И вот в те самые дни сидели мы с ним вдвоем в гостиной и о чем-то разговаривали. В передней раздался звонок. Теперь уже мало кто к нему приходил — только самые близкие, самые родные. Но, видно, у посетителя было важное дело — его приняли. Услышав голоса в прихожей, дед как будто совсем забыл о моем присутствии, он сосредоточился на главном: надо встретить гостя. Он встал с кресла, пригладил свои мягкие волосы, передохнул. И вдруг что-то удивительное произошло с его лицом: морщины разгладились, появились живые краски, и, улыбаясь, с прежней своей стремительностью он почти выбежал навстречу гостю.

Мне рассказывала бабушка, что в последний день своей жизни в бреду он вспоминал детей. Все чудилось ему, что в больничной палате ползают по полу и играют ребятишки. Кто виделся ему — сыновья ли маленькие или мы, внуки, не знаю. Но болью пронзил меня бабушкин рассказ.

Бабушка пережила деда на восемь лет и успела еще порадоваться правнукам. Все эти восемь лет она посвятила памяти деда. По-прежнему каждый год в день его рождения, 21 июня, на Лаврушинском собирались друзья и близкие. Те же люди в той же комнате сидели за большим круглым столом, но не было уже центра притяжения этих застолий — не было среди нас деда.

Бабушка с годами все больше замыкалась в стенах квартиры — все сильнее болели ноги, так, что пришлось уже и по дому ходить с палочкой. Но, как и прежде, она много читала и каждый раз, как приду, строго меня спрашивала:

— Видела последний номер «Октября»? Обязательно прочти — новая повесть Паустовского.

Самой большой радостью для нее было взять в руки свежее издание «Цемента» или «Вольницы», узнать, что пишется диссертация о творчестве деда, что готовится мемориальная доска для дома на Саймоновском, что где-то по Волге плывет сейчас теплоход «Федор Гладков». И тогда не было человека счастливее ее.

Много труда вместе с дядей потратила она на приведение в порядок архива, деятельно участвовала в издании собрания сочинений деда, особенно дополнительного тома.

Последний наш разговор был о Танюше, моей дочери.

— Учи ее как надо, дай ей хорошее образование, — говорила бабушка. — И воспитывай в труде.
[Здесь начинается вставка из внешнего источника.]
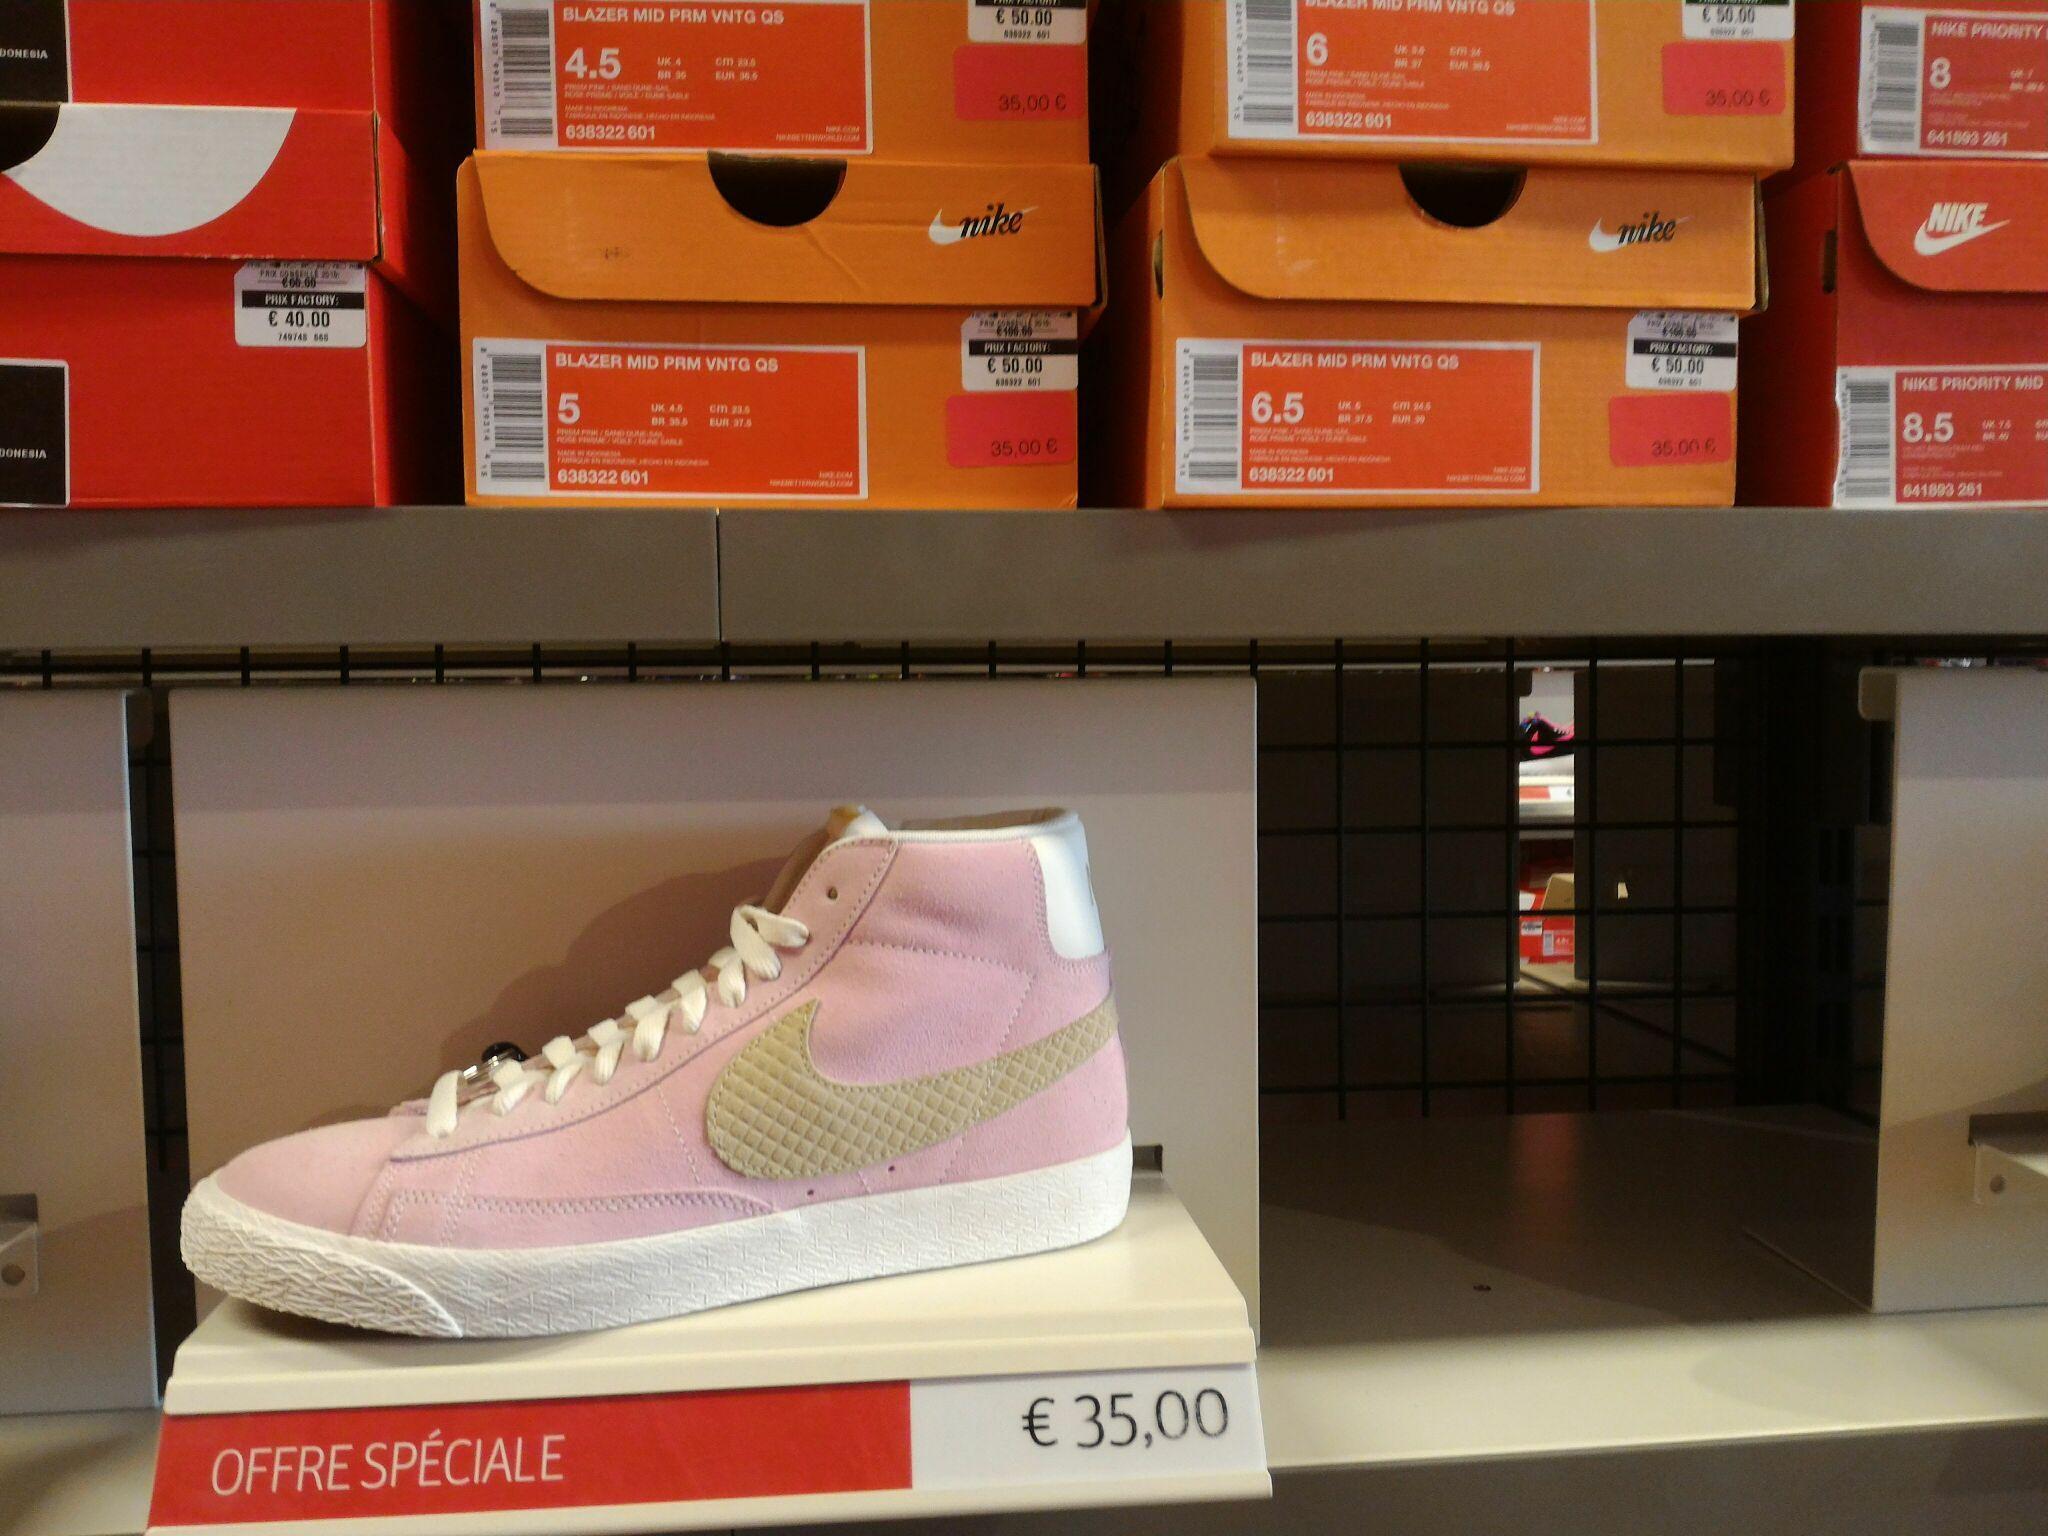 Nike Tiempo Masterful Touche(futsal) 20e, Nike Blazer rose femme (tailles 36.5 au 38.5)
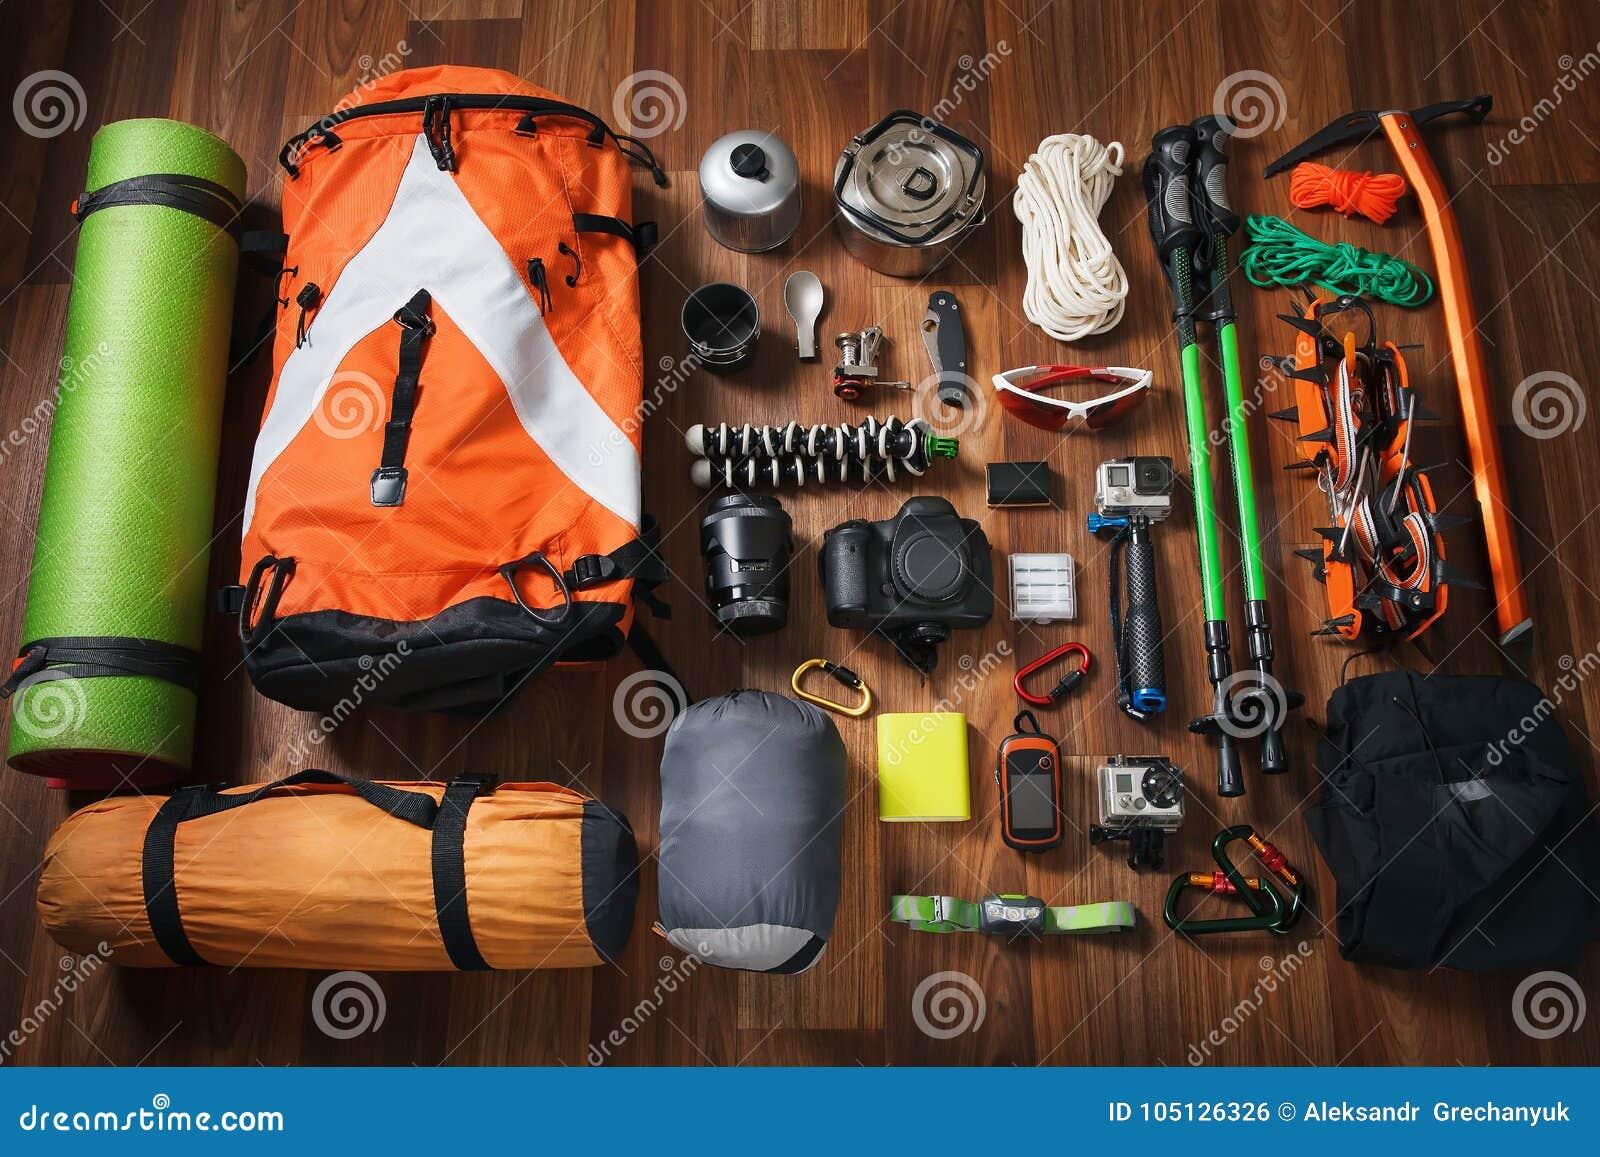 newest 22cd0 9ef15 Attrezzatura Rampicante: Rope, Scarpe Di Trekking, Ramponi ...

В тот год Таня пошла в первый класс. Теперь она студентка МГУ.

———

Когда мне было лет тринадцать-четырнадцать, дедушка подарил мне «Повесть о детстве» с надписью:

«Милой внучке Свете, чтобы она была хорошей

и стремилась бороться за счастье,

оправдывая посвящение.

С любовью дедушка

Ф. Гладков».

Книгу я храню как самую дорогую реликвию.


II


Изучая в тихом и уютном читальном зале ЦГАЛИ архив моего деда, я раскрыла однажды очередную папку и прочла: «Дорогой Федор Васильевич, несказанно обрадовало меня Ваше письмо, как памятка обо мне; мне так радостно знакомство с Вами...»[26] Слова лились, как музыка, они принадлежали человеку, который весь жил в стихии музыки, — Андрею Белому. В старом, пожелтевшем журнале читала я еще прежде статью его, посвященную роману Ф. Гладкова. Статья так и называлась — «Энергия». Печаталась она под рубрикой «Писатели о писателях» в журнале «Новый мир», в четвертой книге за 1933 год. Письма также относились к этому времени.

Искренний и горячий тон их не мог не взволновать. Хотелось сейчас же узнать, а что же дед мой писал в ответ, как они познакомились. В ЦГАЛИ ни в фонде Ф. Гладкова, ни в фонде А. Белого ответных писем не оказалось. Я направилась в Отдел рукописей Государственной библиотеки имени В. И. Ленина. В старенькой коричневой коробке из-под обуви с двуглавым орлом на крышке собрана картотека писем А. Белого и к нему, составленная его женой, Клавдией Николаевной Бугаевой.

Картотека составлялась, видимо, в течение долгих лет, написана она на небольших листочках самой разной по качеству бумаги, кое-где и карандашом. Из картотеки я узнала, что существуют два письма моего деда к А. Белому — от 18 января и 3 июня 1933 года. Но самих писем здесь также не оказалось.

Отыскались они в Ленинграде, в Отделе рукописей Государственной публичной библиотеки имени М. Е. Салтыкова-Щедрина[27]. Не в силах сдержать волнение, развязала я архивную папку и прочла написанные таким знакомым почерком слова: «Дорогой Борис Николаевич! Такое здесь горячее и богатое солнце...» И другую папку открыла: «Июля 19 (1932). Выступление на заседании групкома писателей ГИХЛ. Избрание членом бюро групкома. Знакомство с В. М. Бахметьевым и Ф. В. Гладковым». Это была «Летопись жизни и творчества А. Белого», составленная К. Н. Бугаевой[28].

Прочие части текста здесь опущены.